A framework to guide the optimal development and use of real-world evidence for drug coverage and formulary decisions

Written by The Evidence Base

In this white paper, the authors detail a new conceptual framework addressing elements missing from earlier attempts to define best practices regarding real-world evidence (RWE).

It is now widely acknowledged that real-world evidence (RWE) is transforming the process through which healthcare payers make coverage and formulary decisions for pharmaceuticals. However, there remains an uneven match between the hopes for RWE and the reality; payers cite needs for greater relevance, timeliness and transparency in order for RWE to be more useful to them.
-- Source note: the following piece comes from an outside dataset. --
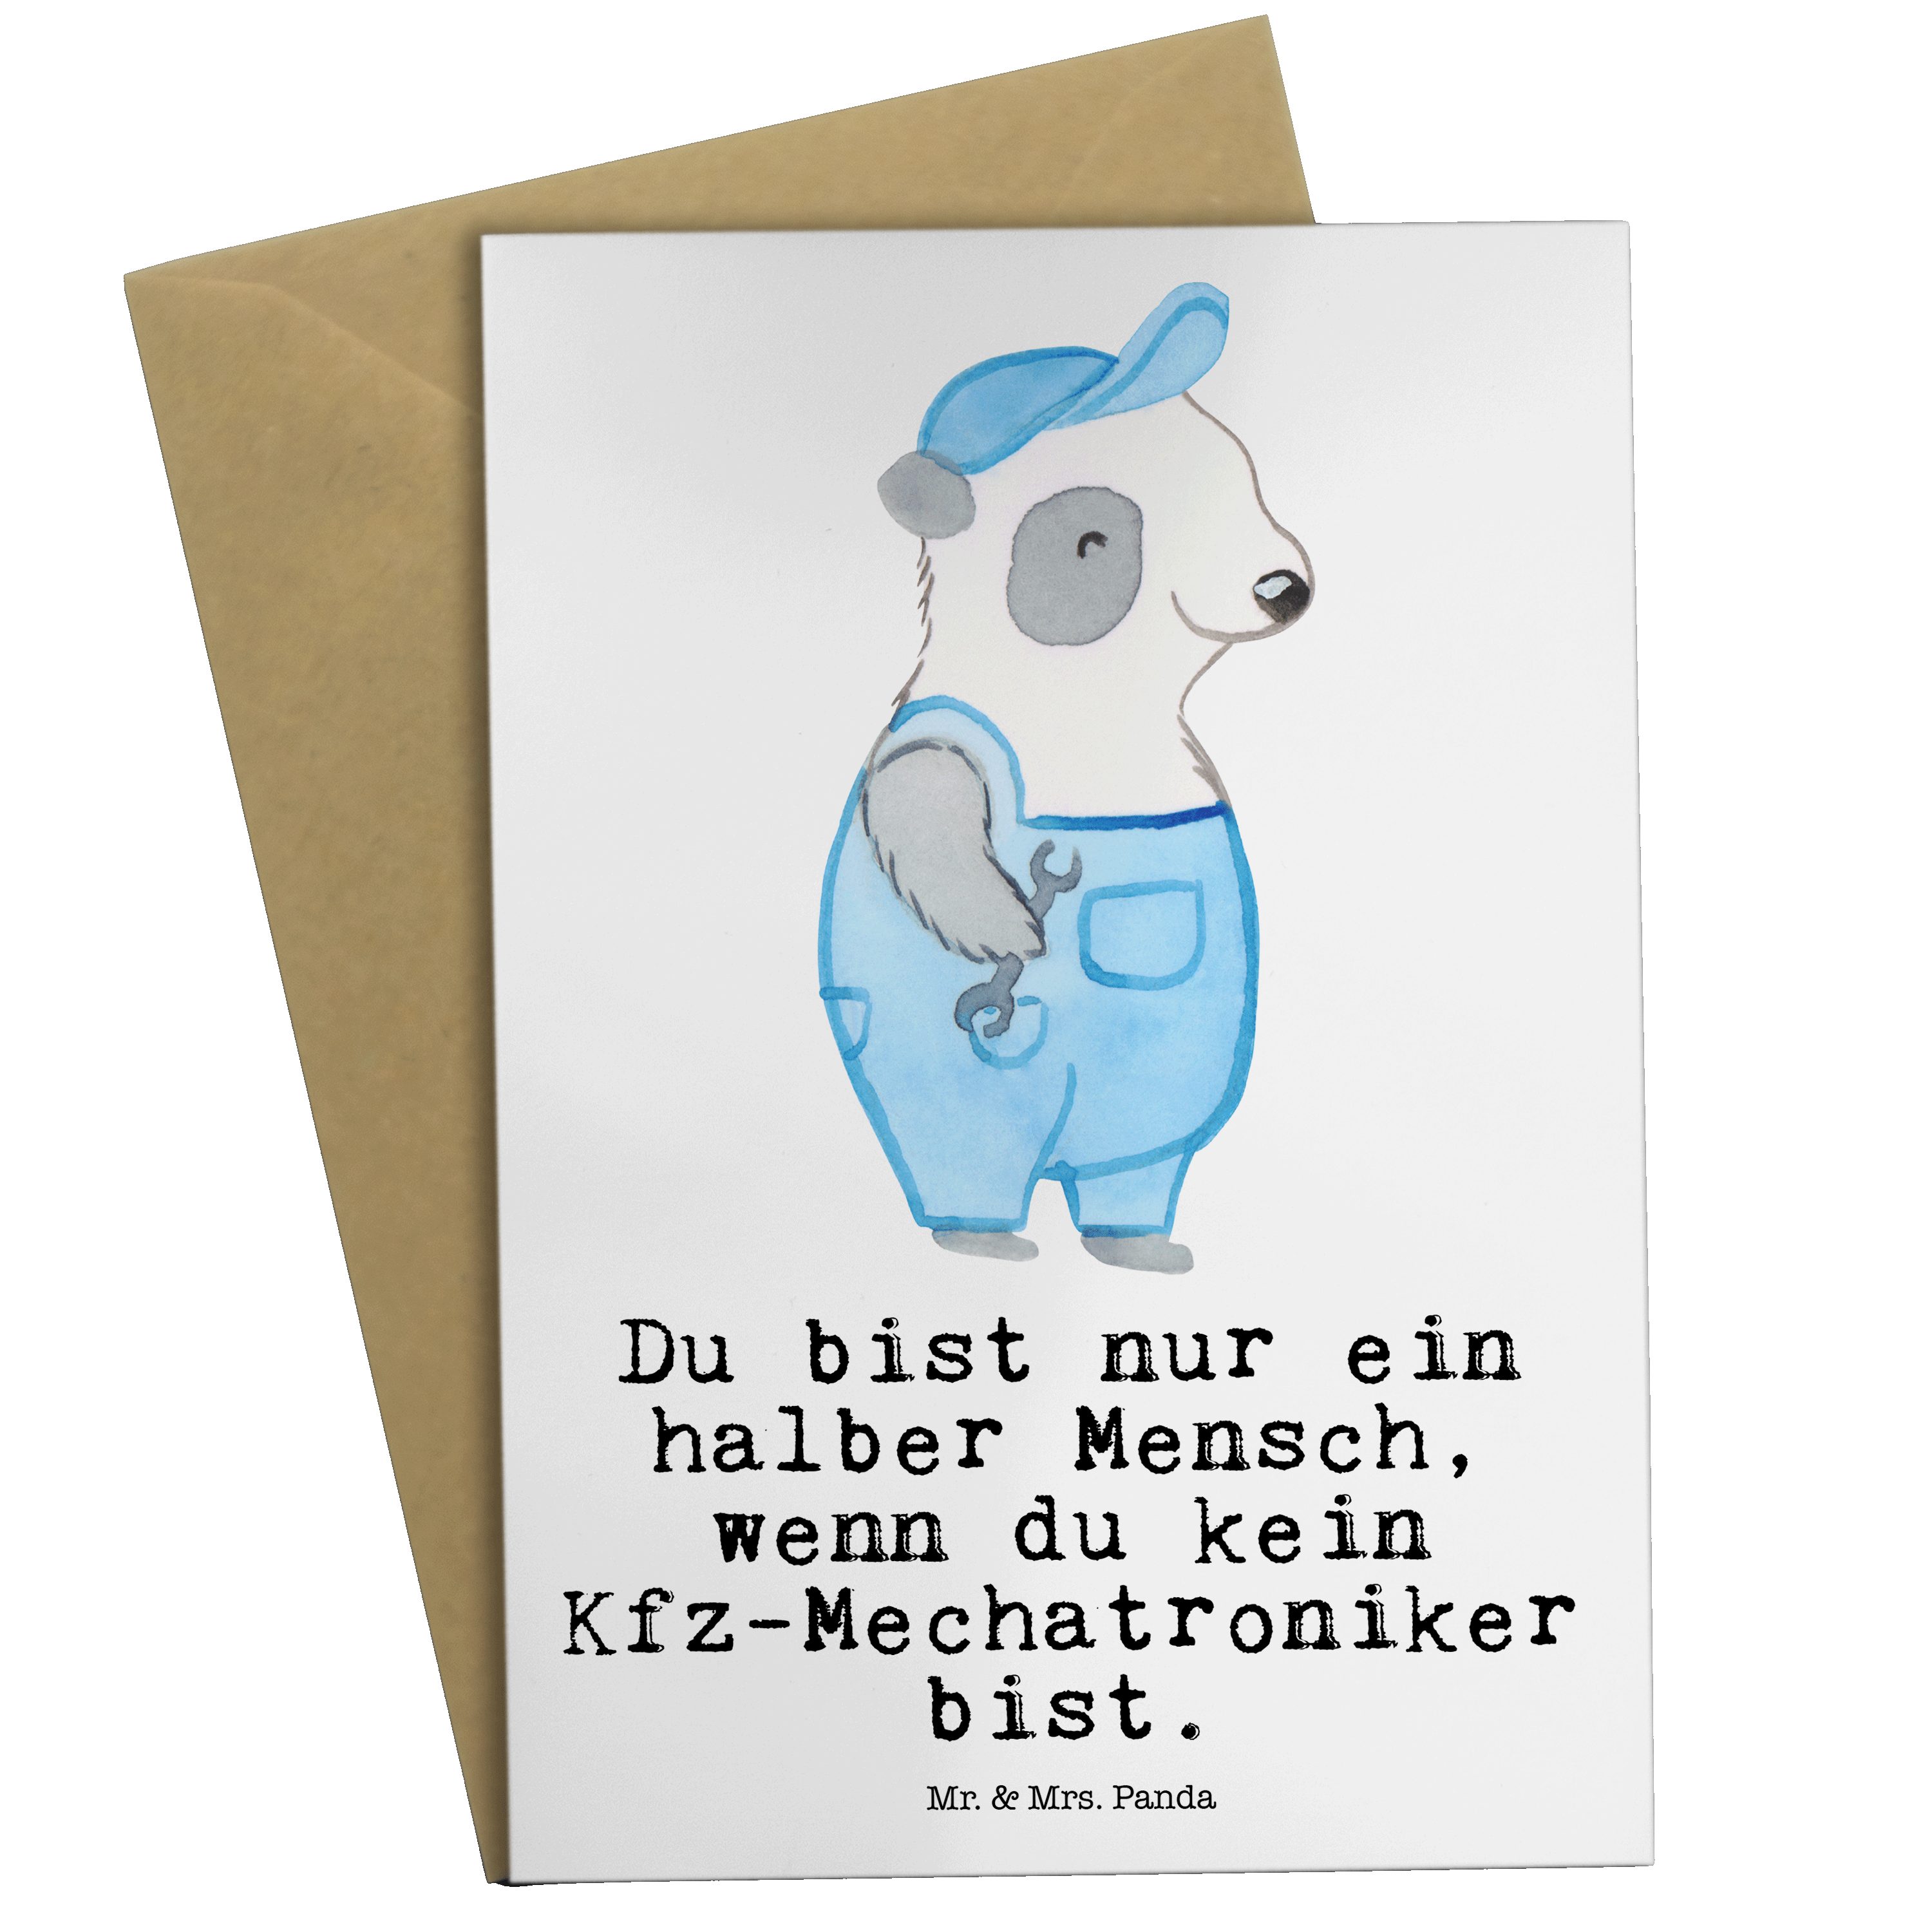 Mr. & Mrs. Panda Grußkarte Kfz-Mechatroniker mit Herz - Weiß - Geschenk, Kollegin, Werktstatt, K

Increasingly, efforts to design the standards for prospective RWE analyses have convened manufacturers, payers and patient groups to ensure that evidence
generated is both rigorous and fully informed by what matters most to patients.

This paper, by authors from the Institute for Clinical & Economic Review (MA, USA) and the Office of Health Economics (London, UK), presents a new conceptual framework to address three elements largely missing from these earlier efforts focused on defining ‘best practices’ or ‘standards’ for RWE: (1) how to understand the role that contextual factors play in determining how high the evidentiary standard, or ‘bar’ will be in each situation, (2) how to tailor key process and methodological approaches to the height of that evidentiary bar and (3) how to ensure that broader process principles that support transparency are integrated successfully throughout the course of any RWE initiative.